■ DATASET SECTION ■
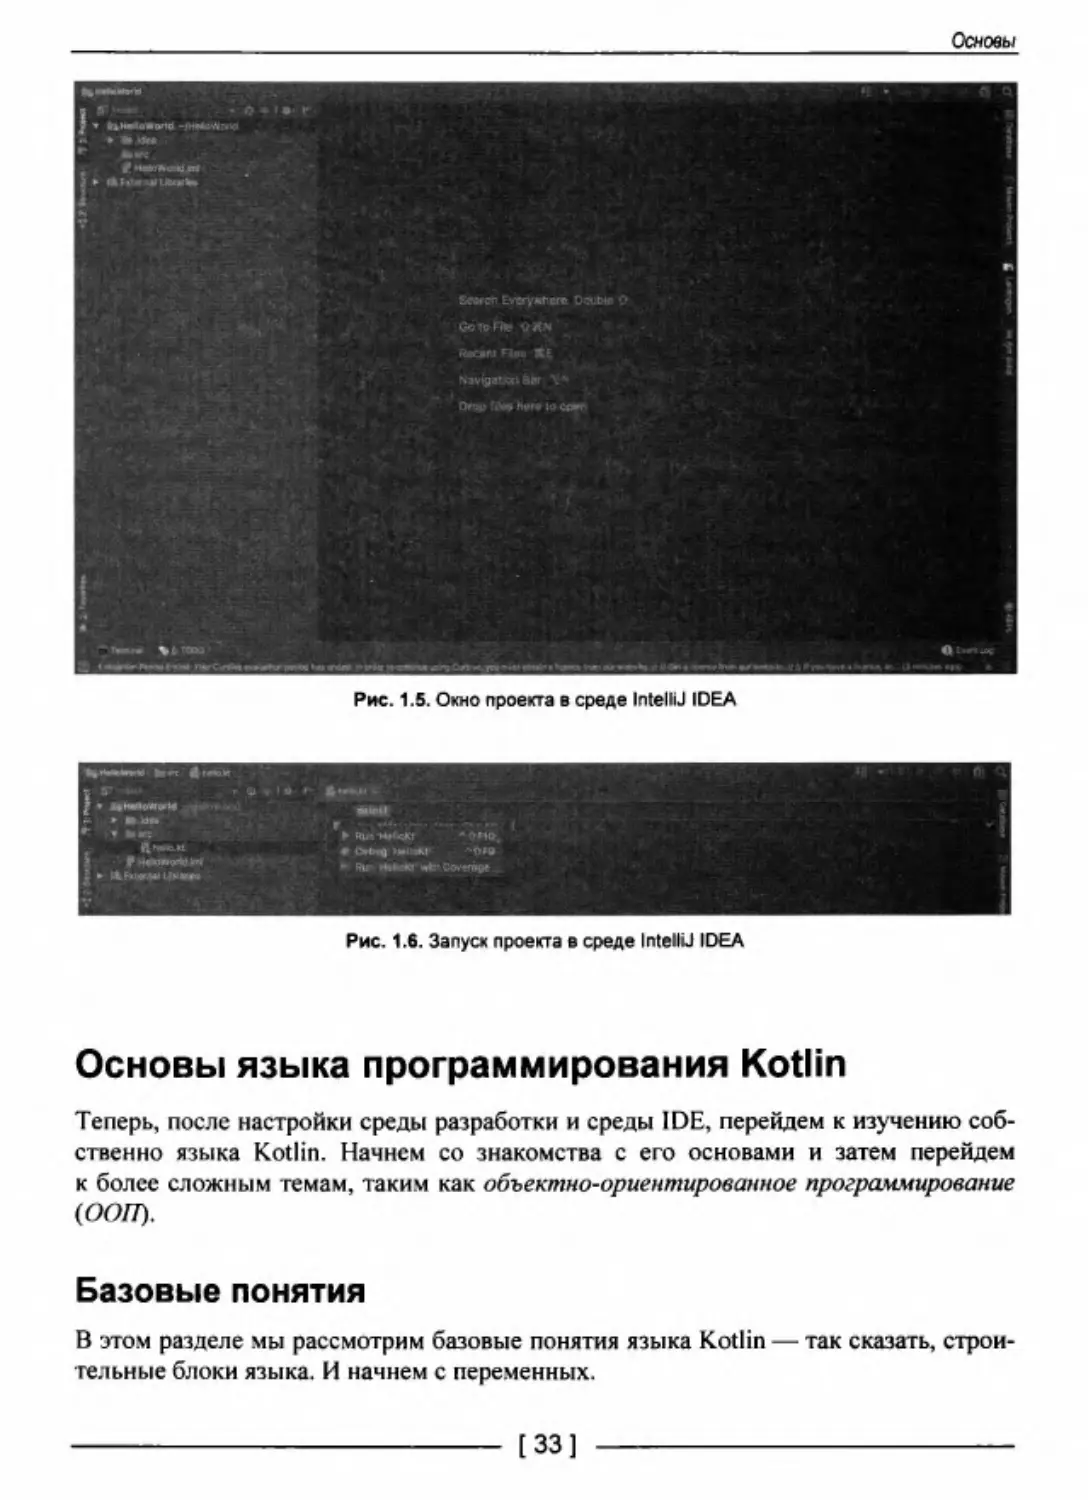 Основы языка программирования Kotlin
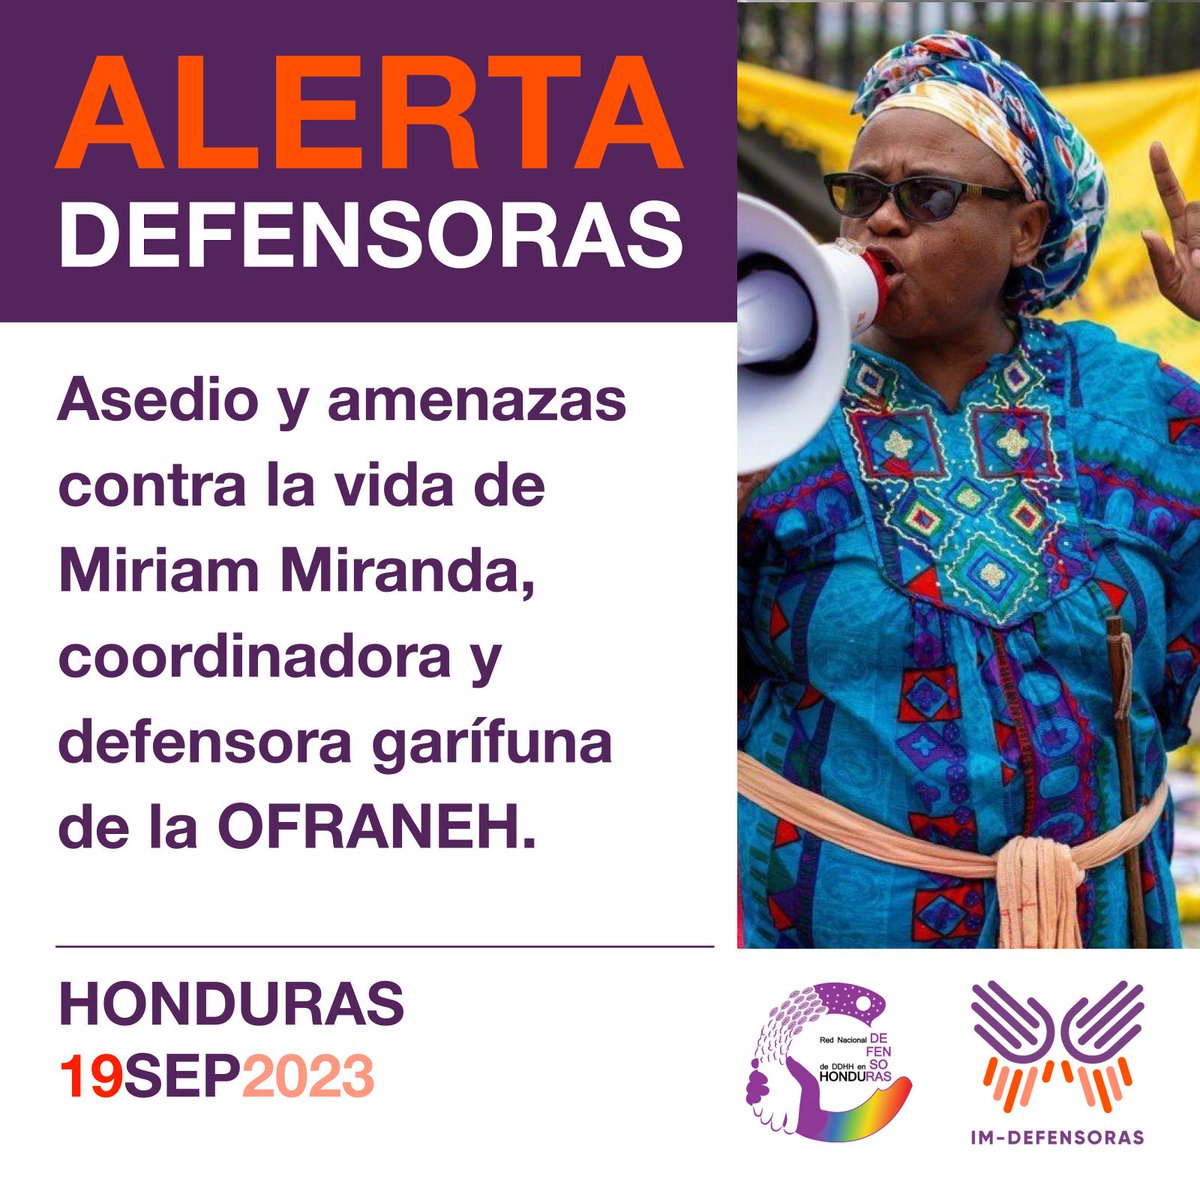 📢⚠️🚨#AlertaDefensoras HONDURAS / Asedio y amenazas contra la vida de Miriam Miranda, coordinadora y defensora garífuna de la OFRANEH. 📌Más información➡️bit.ly/3PI6tji
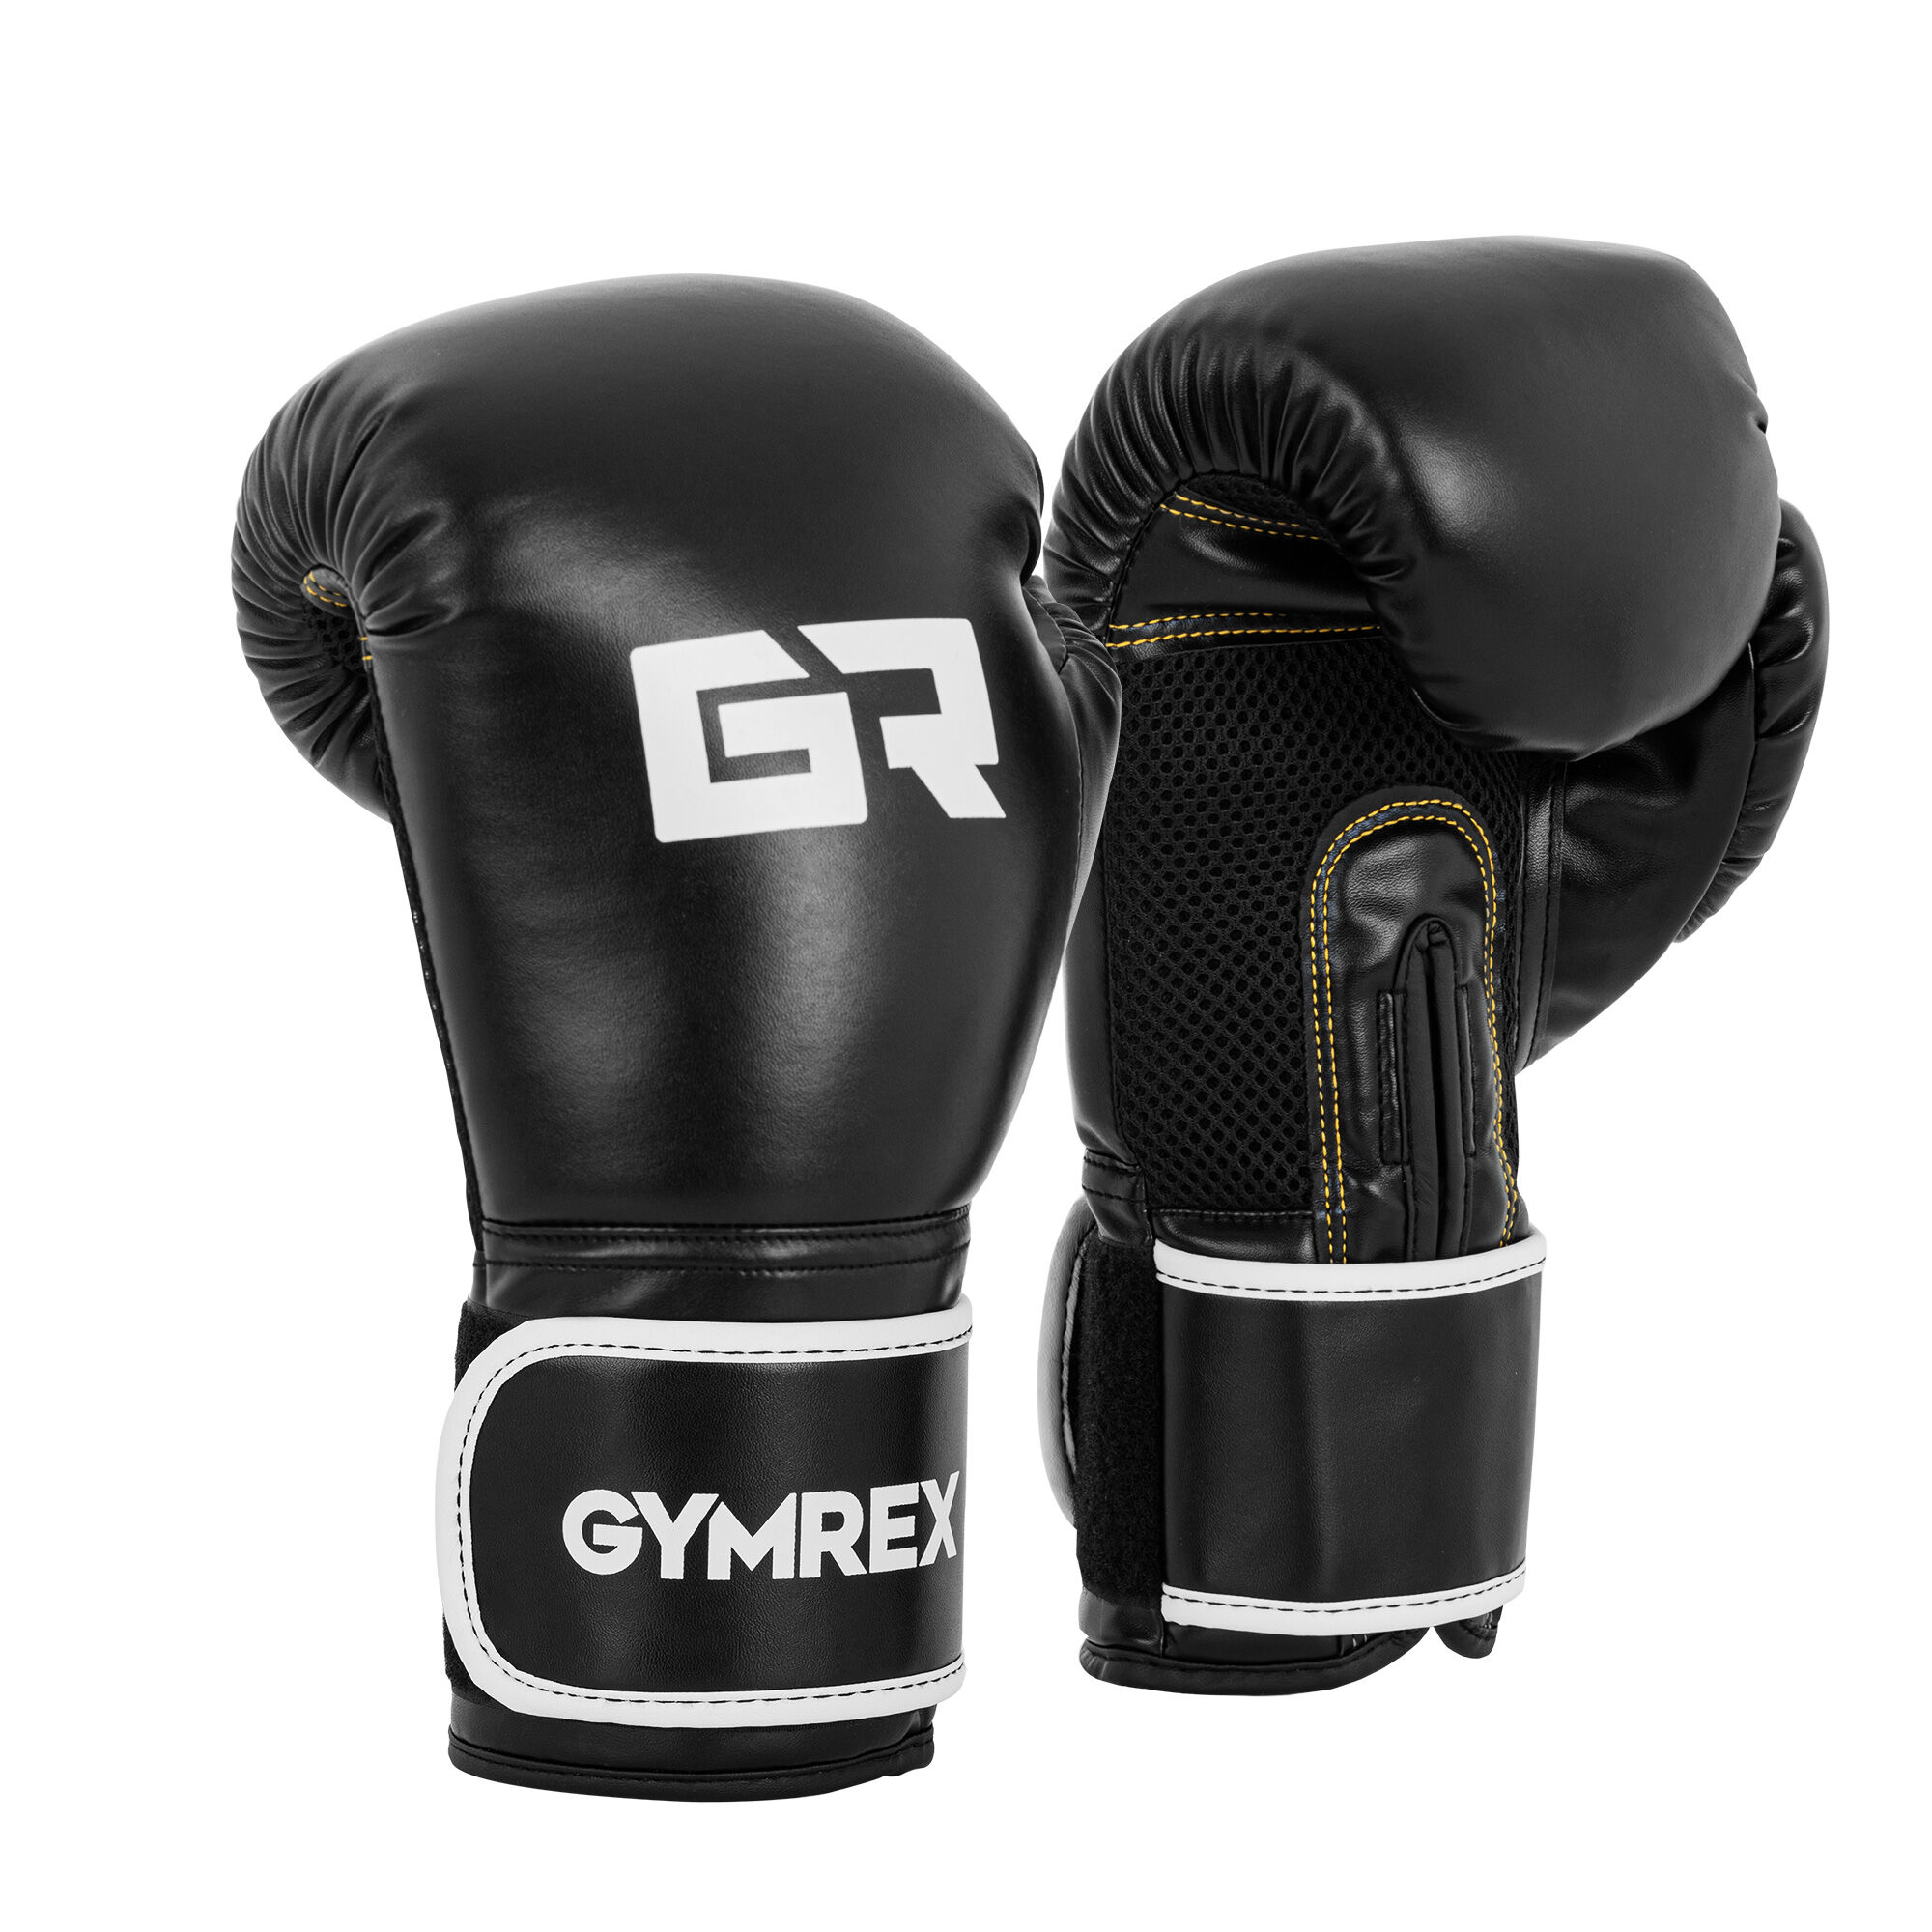 Gymrex Boxerské rukavice - 16 oz - síťovina uvnitř - černé GR-BG 16B

■ DIRECTIONS FOR THIS TASK ■
An exact reproduction of the material above is needed, without its pictures.

■ EXERCISE ANSWER ■
 Основы языка программирования Kotlin
 📢⚠️🚨#AlertaDefensoras HONDURAS / Asedio y amenazas contra la vida de Miriam Miranda, coordinadora y defensora garífuna de la OFRANEH. 📌Más información➡️bit.ly/3PI6tji
 Gymrex Boxerské rukavice - 16 oz - síťovina uvnitř - černé GR-BG 16B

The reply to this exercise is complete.